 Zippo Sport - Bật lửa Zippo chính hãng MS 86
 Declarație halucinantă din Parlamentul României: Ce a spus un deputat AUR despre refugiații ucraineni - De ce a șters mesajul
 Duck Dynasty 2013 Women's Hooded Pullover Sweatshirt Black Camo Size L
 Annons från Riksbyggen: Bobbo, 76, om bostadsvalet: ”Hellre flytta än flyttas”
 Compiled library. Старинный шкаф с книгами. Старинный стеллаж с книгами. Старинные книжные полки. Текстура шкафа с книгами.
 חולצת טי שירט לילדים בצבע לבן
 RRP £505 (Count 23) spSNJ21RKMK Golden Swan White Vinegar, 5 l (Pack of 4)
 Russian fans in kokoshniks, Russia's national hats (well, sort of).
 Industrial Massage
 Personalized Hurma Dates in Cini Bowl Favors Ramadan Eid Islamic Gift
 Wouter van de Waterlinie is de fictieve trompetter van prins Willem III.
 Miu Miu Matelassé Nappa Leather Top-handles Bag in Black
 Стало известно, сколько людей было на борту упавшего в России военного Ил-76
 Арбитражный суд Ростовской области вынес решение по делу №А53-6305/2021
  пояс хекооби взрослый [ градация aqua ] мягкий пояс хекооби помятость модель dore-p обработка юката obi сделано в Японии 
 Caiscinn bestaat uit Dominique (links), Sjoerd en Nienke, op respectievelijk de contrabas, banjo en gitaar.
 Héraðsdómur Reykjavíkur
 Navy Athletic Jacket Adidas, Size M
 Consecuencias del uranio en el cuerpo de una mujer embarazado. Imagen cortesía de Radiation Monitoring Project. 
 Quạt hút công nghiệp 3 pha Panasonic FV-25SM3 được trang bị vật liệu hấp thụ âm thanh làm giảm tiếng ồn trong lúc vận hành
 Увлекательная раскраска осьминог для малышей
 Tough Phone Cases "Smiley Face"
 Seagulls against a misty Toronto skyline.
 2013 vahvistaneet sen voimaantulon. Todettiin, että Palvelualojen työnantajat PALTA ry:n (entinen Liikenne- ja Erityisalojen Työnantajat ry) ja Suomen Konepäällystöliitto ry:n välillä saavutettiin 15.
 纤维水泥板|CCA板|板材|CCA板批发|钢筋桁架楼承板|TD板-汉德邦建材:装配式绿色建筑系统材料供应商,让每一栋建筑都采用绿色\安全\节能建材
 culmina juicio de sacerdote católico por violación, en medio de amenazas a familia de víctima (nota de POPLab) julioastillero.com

···

• **Problem requirements**
Write out exactly the lines from the line containing "חולצת טי שירט לילדים בצבע לבן" to the end of the listing above, both included, and nothing else.

• **Exercise result**
 חולצת טי שירט לילדים בצבע לבן
 RRP £505 (Count 23) spSNJ21RKMK Golden Swan White Vinegar, 5 l (Pack of 4)
 Russian fans in kokoshniks, Russia's national hats (well, sort of).
 Industrial Massage
 Personalized Hurma Dates in Cini Bowl Favors Ramadan Eid Islamic Gift
 Wouter van de Waterlinie is de fictieve trompetter van prins Willem III.
 Miu Miu Matelassé Nappa Leather Top-handles Bag in Black
 Стало известно, сколько людей было на борту упавшего в России военного Ил-76
 Арбитражный суд Ростовской области вынес решение по делу №А53-6305/2021
  пояс хекооби взрослый [ градация aqua ] мягкий пояс хекооби помятость модель dore-p обработка юката obi сделано в Японии 
 Caiscinn bestaat uit Dominique (links), Sjoerd en Nienke, op respectievelijk de contrabas, banjo en gitaar.
 Héraðsdómur Reykjavíkur
 Navy Athletic Jacket Adidas, Size M
 Consecuencias del uranio en el cuerpo de una mujer embarazado. Imagen cortesía de Radiation Monitoring Project. 
 Quạt hút công nghiệp 3 pha Panasonic FV-25SM3 được trang bị vật liệu hấp thụ âm thanh làm giảm tiếng ồn trong lúc vận hành
 Увлекательная раскраска осьминог для малышей
 Tough Phone Cases "Smiley Face"
 Seagulls against a misty Toronto skyline.
 2013 vahvistaneet sen voimaantulon. Todettiin, että Palvelualojen työnantajat PALTA ry:n (entinen Liikenne- ja Erityisalojen Työnantajat ry) ja Suomen Konepäällystöliitto ry:n välillä saavutettiin 15.
 纤维水泥板|CCA板|板材|CCA板批发|钢筋桁架楼承板|TD板-汉德邦建材:装配式绿色建筑系统材料供应商,让每一栋建筑都采用绿色\安全\节能建材
 culmina juicio de sacerdote católico por violación, en medio de amenazas a familia de víctima (nota de POPLab) julioastillero.com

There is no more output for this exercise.